The system is designed to be used with the fiber bundle placed in direct contact with proflavine-stained epithelial tissue. Fluorescence light emitted from the tissue following excitation is collected through the same fiber. After passing through the fiber, emission light is directed through the pair of triplet lenses prior to transmitting through the dichroic mirror. Next, the emitted light is filtered by a 515 nm long-pass color glass emission filter (Schott OG-515). The remaining signal is redirected with an aluminum mirror (Thorlabs ME05S-G01) through a 25mm EFL triplet lens (47–675 Thorlabs) and is coupled to the lens of the cell phone through a 12.5 mm EFL triplet.

Based on the optimal lens positions identified in ZEMAX, a cell-phone attachment and optomechanic holder was printed with a 3D printer (3D Systems, Rock Hill, South Carolina). The 3D-printed structure consists of individual pieces that snap together as shown in . The pieces contain cutouts corresponding to the exact size of the lenses, ensuring that the lenses are positioned accurately and precisely. After assembly, four threaded aluminum rods are placed in through-holes to ensure stability during use. The optical system connects directly to the phone, thereby ensuring alignment of the optics with the mobile phone camera. We tested the mHRME using two phones: the Galaxy Note 3 (Samsung, Seoul, South Korea) which features a 13 megapixel camera and 2.3 GHz processor and the One X+ (HTC, New Taipei, Taiwan), an older, midlevel international smartphone with 8 megapixel resolution.

Imaging testing

In vitro imaging

We first determined the resolution of the system using a standard Air Force Resolution Target at Rice University. The fiber probe was placed on a translational stage and put in direct contact with an Air Force Resolution Target. ImageJ (National Institutes of Health, Bethesda, Maryland) was used to determine the smallest line pairs that were distinguishable in the acquired images. Next, to validate the ability of the mHRME to image cell nuclei and to assess the signal-to-background ratio (SBR) we evaluated its performance in cultured HeLa cells (ATCC, Manassas, VA). HeLa cells were cultured in Dulbecco’s Modified Eagle’s Medium (DMEM) in a 150 mm Petri dish until approximately 50% confluent. The media was aspirated and the cells were washed once with phosphate buffered saline (PBS). After aspirating the PBS, 1 mL of 0.01% proflavine (Sigma-Aldrich, St. Louis, MO) in PBS was applied to cover the cells.
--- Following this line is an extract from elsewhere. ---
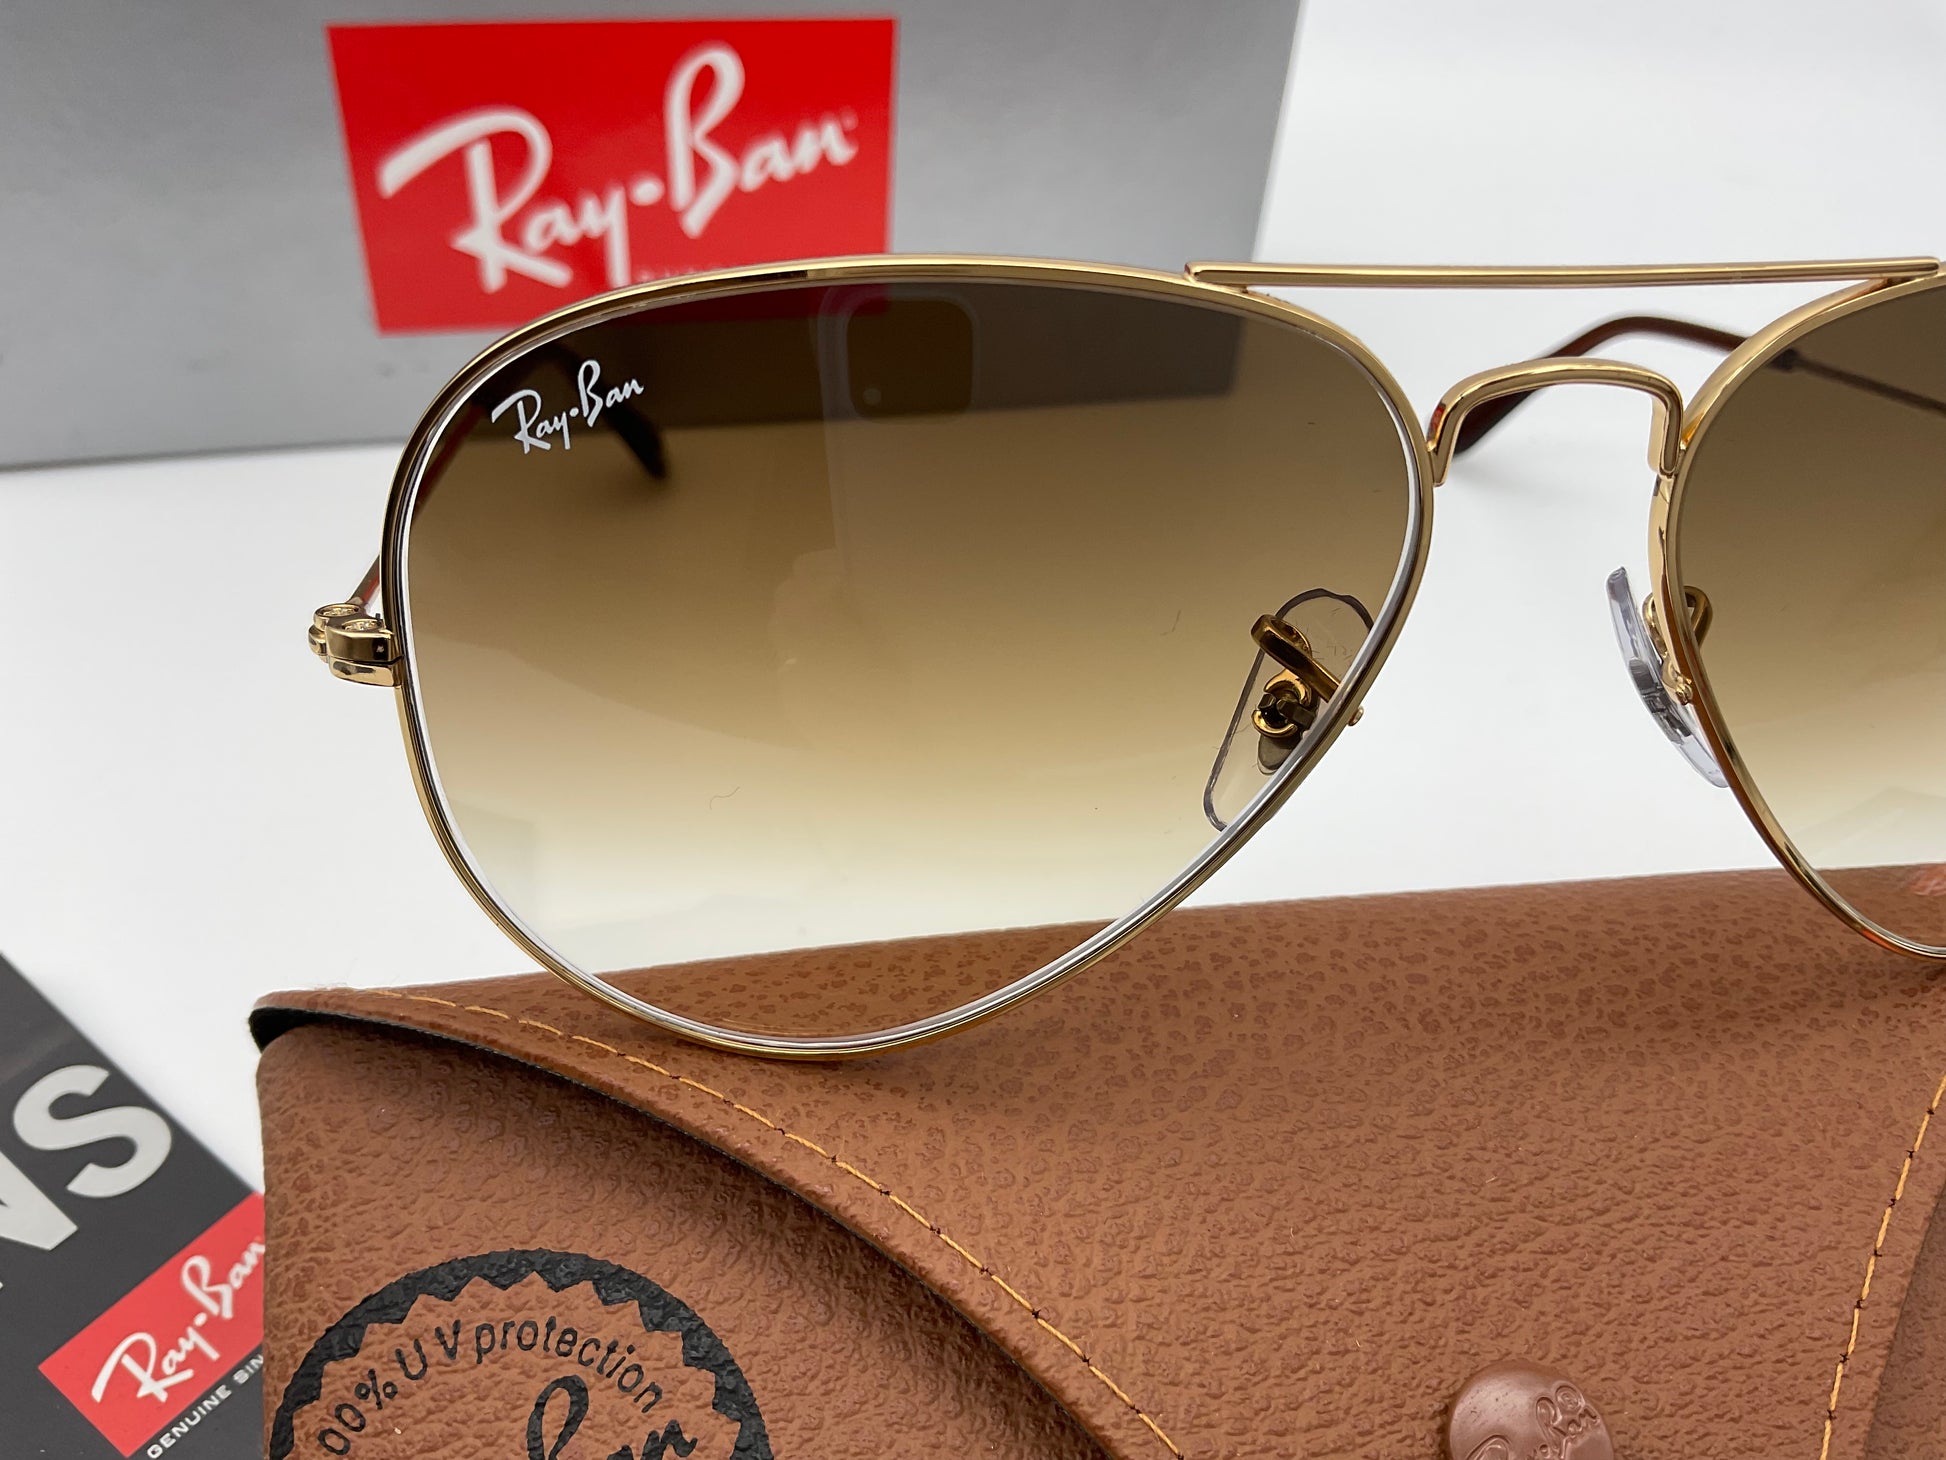 Sunglasses Ray-Ban AVIATOR 58mm RB3025 001/51 Gold Gradient Brown Clea –  Shade Review Store
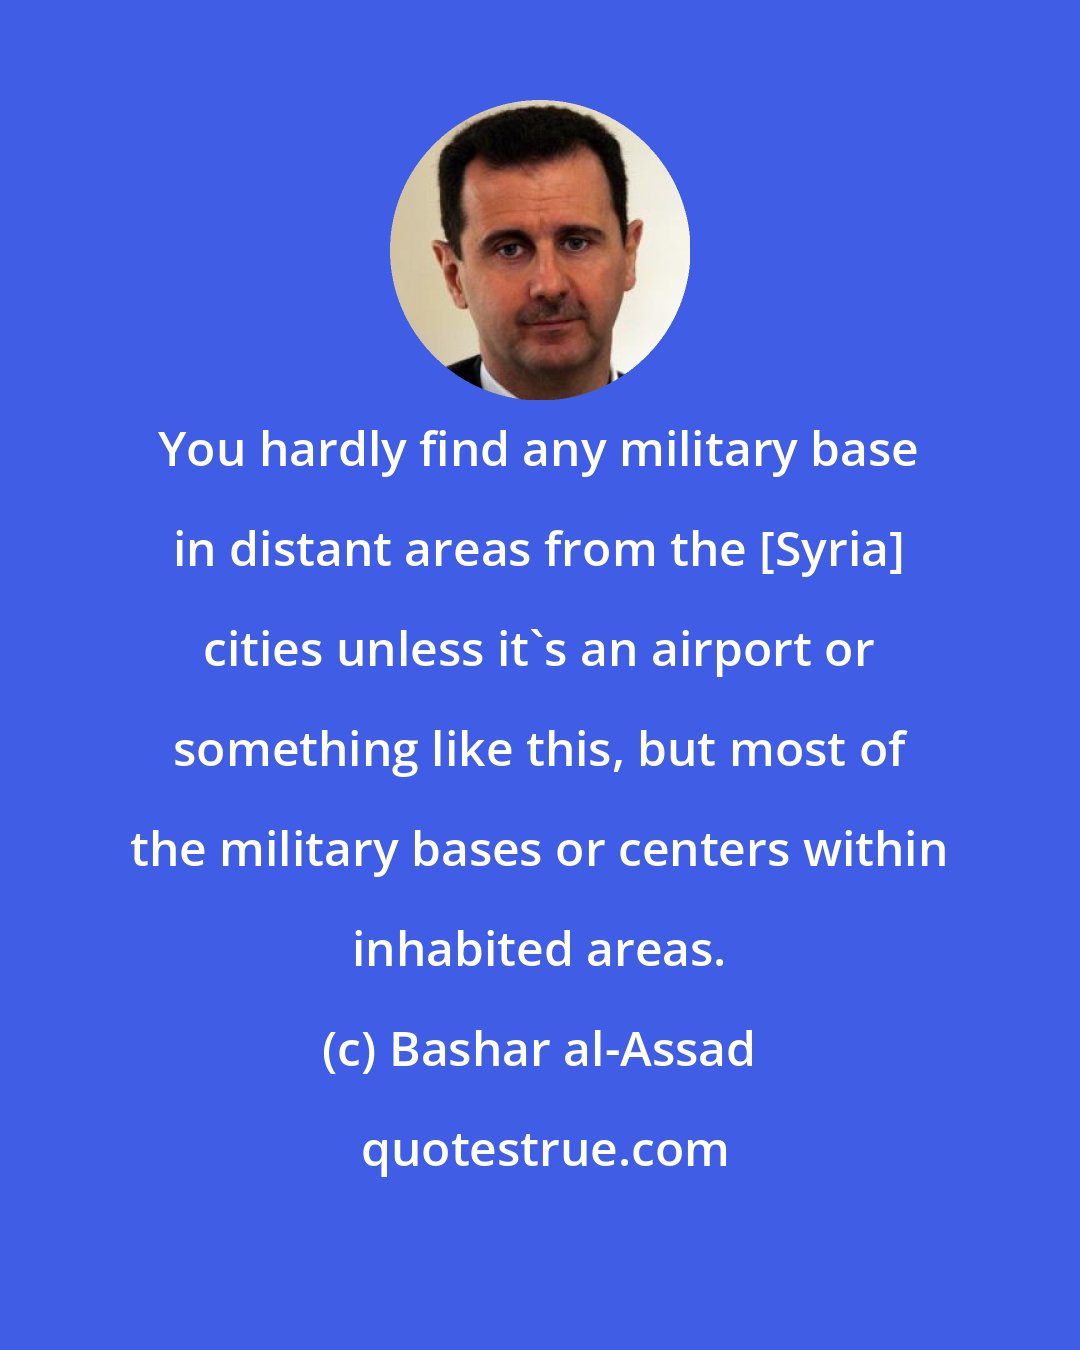 Bashar al-Assad: You hardly find any military base in distant areas from the [Syria] cities unless it's an airport or something like this, but most of the military bases or centers within inhabited areas.

After one minute, the proflavine was removed and cells were washed twice with PBS. The cells remained in PBS solution and were imaged with the mHRME system directly in the Petri dish; the tip of the fiber was placed in direct contact with the cells.

In vivo imaging

After successfully imaging cultured cells, we proceeded to test the mHRME in vivo.

Patients with abnormal Pap smears referred to Barretos Cancer Hospital (Barretos, Brazil) for colposcopy were enrolled in a pilot study to evaluate the efficacy of the standard HRME in discriminating between low-grade and high-grade lesions [25]. Two patients in this study were also imaged with our mHRME demonstrated its ability to achieve sub-cellular resolution in vivo. The National Committee for Ethics in Research (CONEP) of Brazil, the Research Ethics Committees of Barretos Cancer Hospital and the Institutional Review Boards from MD Anderson Cancer Center and Rice University approved this study. Written informed consent was obtained for all participants.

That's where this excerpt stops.